Die Frage ist also die nach einer europaweiten Standardisierung: Welche Lösung, die zur Erfassung und Abrechnung von Mautstrecken oder die der Rad-Schiene-Technik, wird als erstes durch ein einheitliches System abgelöst. Der Sieger dieses Wettlaufes wird einen nicht unerheblichen Vorteil im Duell "Straße gegen Schiene" haben. Aus der Perspektive der Bahn besteht natürlich die Gefahr, dass die Ungleichbehandlung noch zunimmt. Dadurch würde auch der ökologische Aspekt geschwächt werden.

Verkehrsverdrängung statt Verkehrsverhinderung

Ob die Lkw-Maut auch als ein ökologisches Instrument wirken kann, hängt also vor allem vom politischen Willen der Verantwortlichen ab. Wenn der Fall eintreten sollte, dass die Maut-Gebühren stetig erhöht werden ohne dass eine Alternative auf Grundlage der Rad-Schiene-Technik verwirklicht wird, werden auch die Speditionen die Lkw-Maut zunehmend als Kostenfaktor zu vermeiden suchen. Die einfachste Strategie dazu: Die Autobahn verlassen und wo immer möglich auf der Landstraße fahren. Der dadurch entstehende "Verdrängungseffekt" fließt schon im Vorfeld einer Planungsmaßnahme als Faktor in die Mautberechnung mit ein, um die verbleibenden Einnahmen abschätzen zu können. Die Höhe der Maut ist dadurch auch an die Verkehrsverdrängung gekoppelt und umgekehrt.

Aber auch Lebensqualität ist ein ökologischer Faktor. Eigentlich müssten deshalb die Folgen der Verkehrsverdrängung für die direkt Betroffenen und ihre Infrastruktur mitberücksichtigt werden. Beispiele aus Maut-Ländern wie Frankreich, Österreich und Italien belegen, wie gravierend diese Folgen sein können, aber auch wie wenig bisher darauf geachtet wurde.
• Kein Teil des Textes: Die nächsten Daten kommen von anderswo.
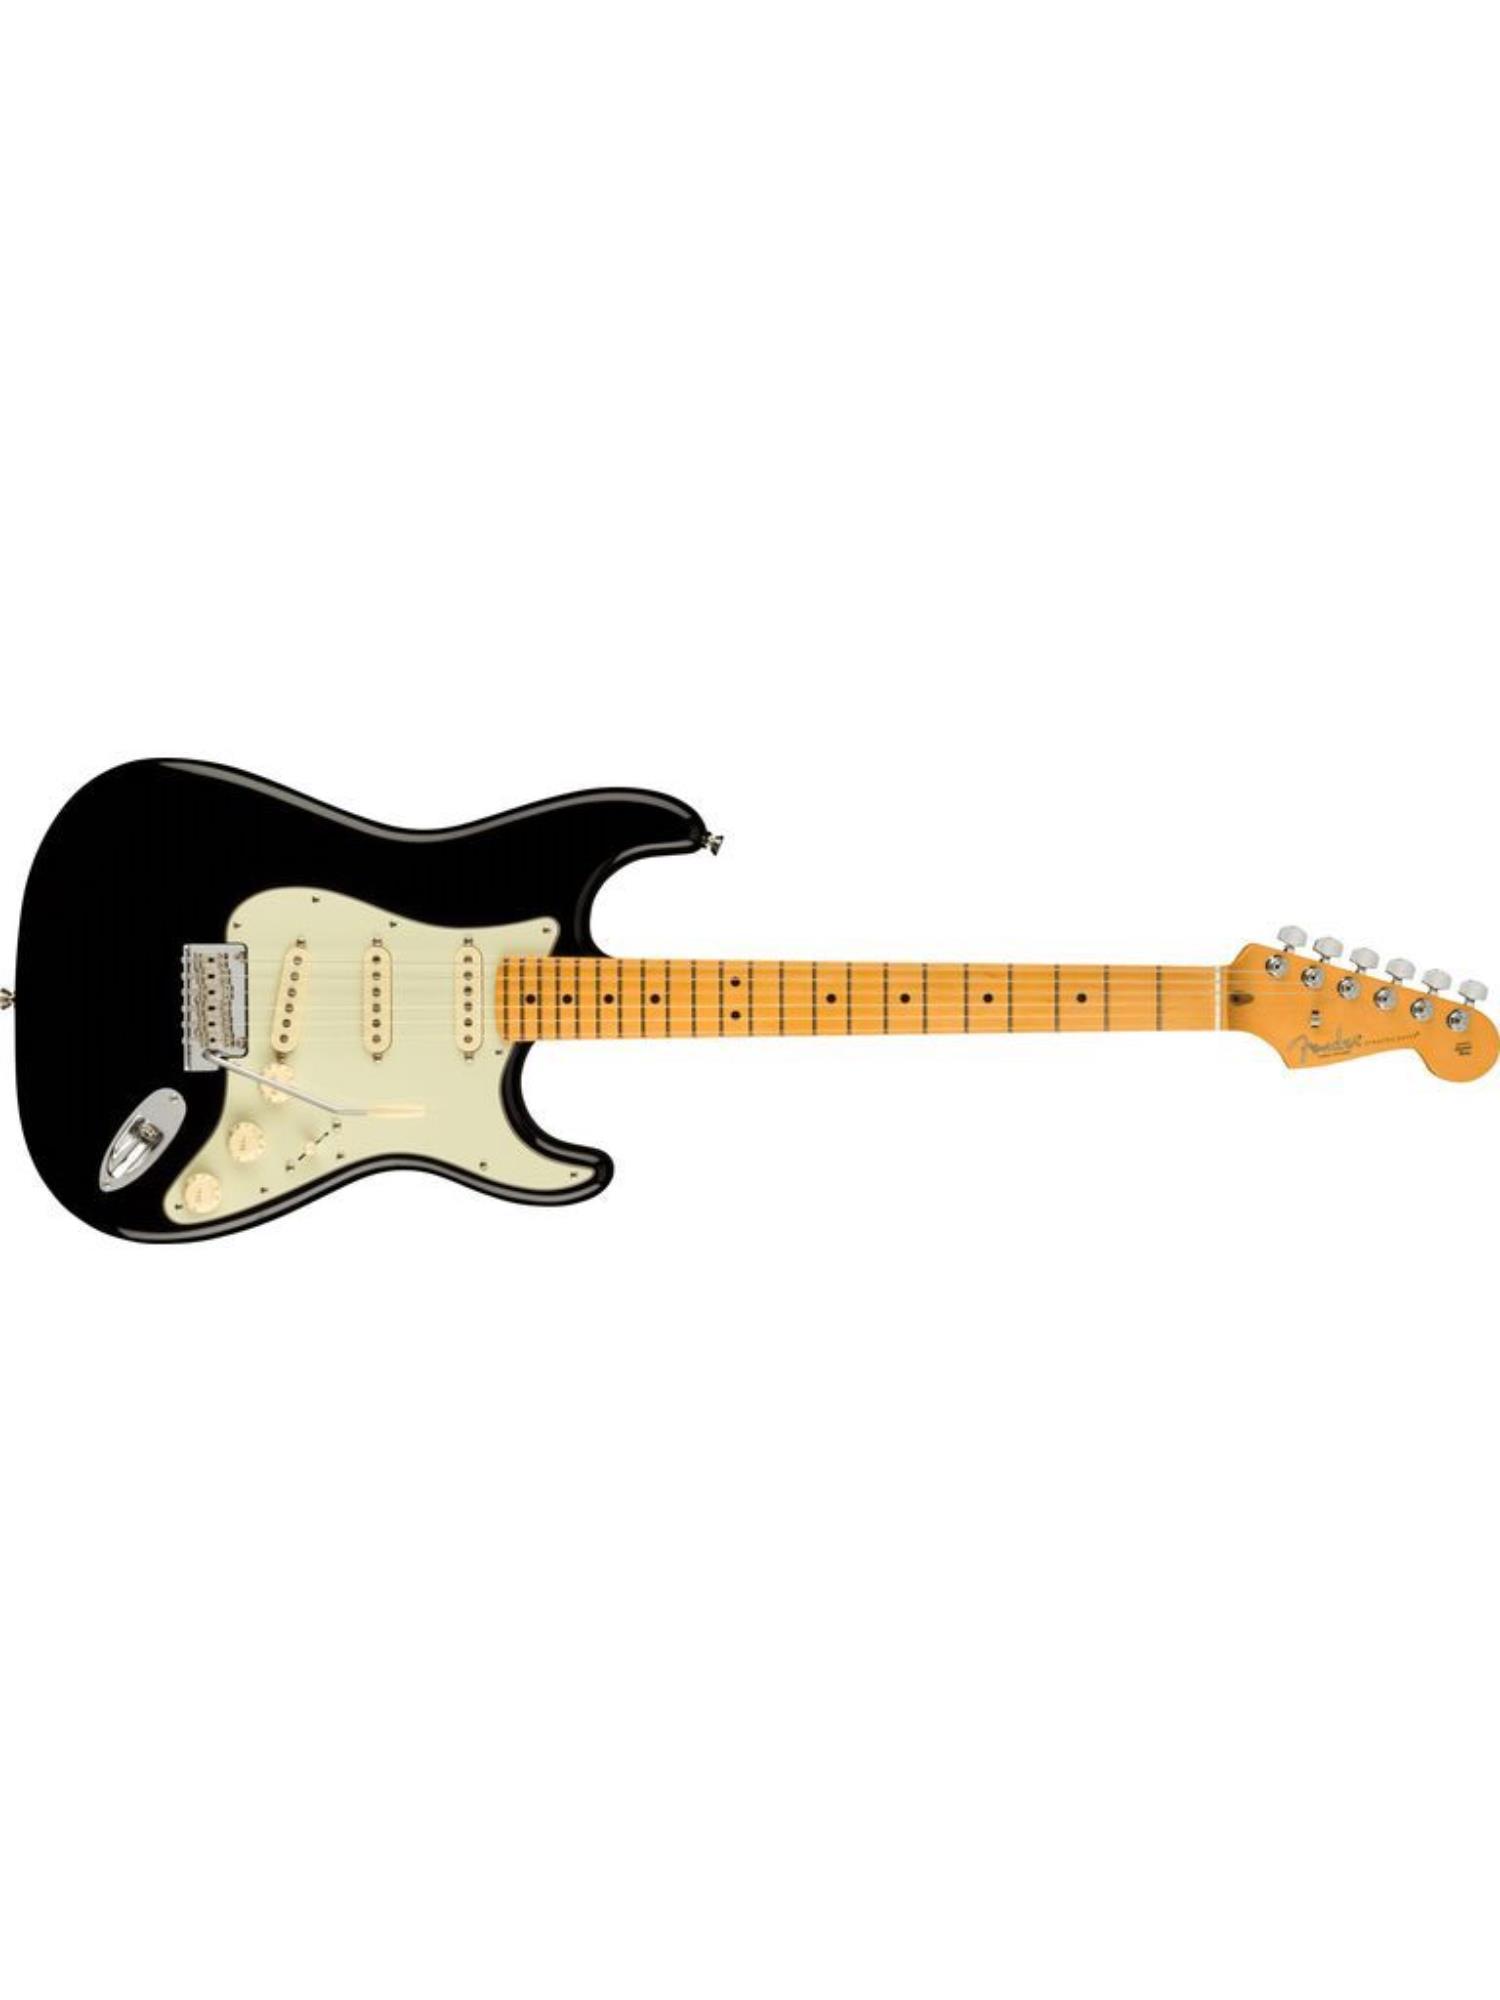 FENDER-American-Professional-PRO-II-Stratocaster-MN-Black-0113902706-sku-24381

Aufgrund des erhöhten Verkehrsaufkommens kommt es nicht nur zu Schäden an Landstraßen und Erosionen der Bausubstanz innerhalb von bewohntem Gebiet. Durch die Zunahme von Unfällen, Verkehrstoten und Luftverschmutzung sinkt die Lebensqualität so rapide, dass es sogar zu Bevölkerungsverdrängungen kommt. Bei einem lokalen Autobahnmautprojekt im Ruhrgebiet im Jahre 2003 ging das Bundesverkehrsministerium von einer Verdrängungsrate von ca. 40 % aus. Je nach Planzahlen kann diese Mehrbelastung an Verkehr mehrere zehntausend Fahrzeuge pro Tag ausmachen.

Sollte es in Deutschland zu unerwünschten Verdrängungseffekten kommen, ist die Ausweitung der Lkw-Maut auf Bundesstraßen geplant. Dies ist nach EU-Recht erlaubt, aber nur aus Sicherheitsgründen. Der Bund und die Länder beraten sich ständig über die Folgewirkungen der Lkw-Maut, so das Bundesverkehrsministerium. Grundsätzlich schätzt man dort die Gefahr einer Verlagerung auf das nachgeordnete Straßennetz allerdings als gering ein.

Doch es gibt auch andere Gegenstrategien. Als gute Präventionsmaßnahme wird eine geringe Mauthöhe angesehen, weil bei geringen Kosten ein Umfahren der Mautstrecke nicht mehr lohnenswert erscheint. Leider aber ist das Betriebssystem von Toll Collect das Teuerste in Europa. Auch verkehrsberuhigende Eingriffe in den Straßenverkehr sind ein Mittel, um das Ausweichen auf Nebenstrecken so unattraktiv wie möglich zu machen. Eine mögliche Ausarbeitung und Koordination dieser unterschiedlichen Maßnahmen dürfte angesichts des riesigen deutschen Autobahnnetzes (12.000 km) durchaus mit der Komplexität des Maut-Systems von Toll Collect vergleichbar sein.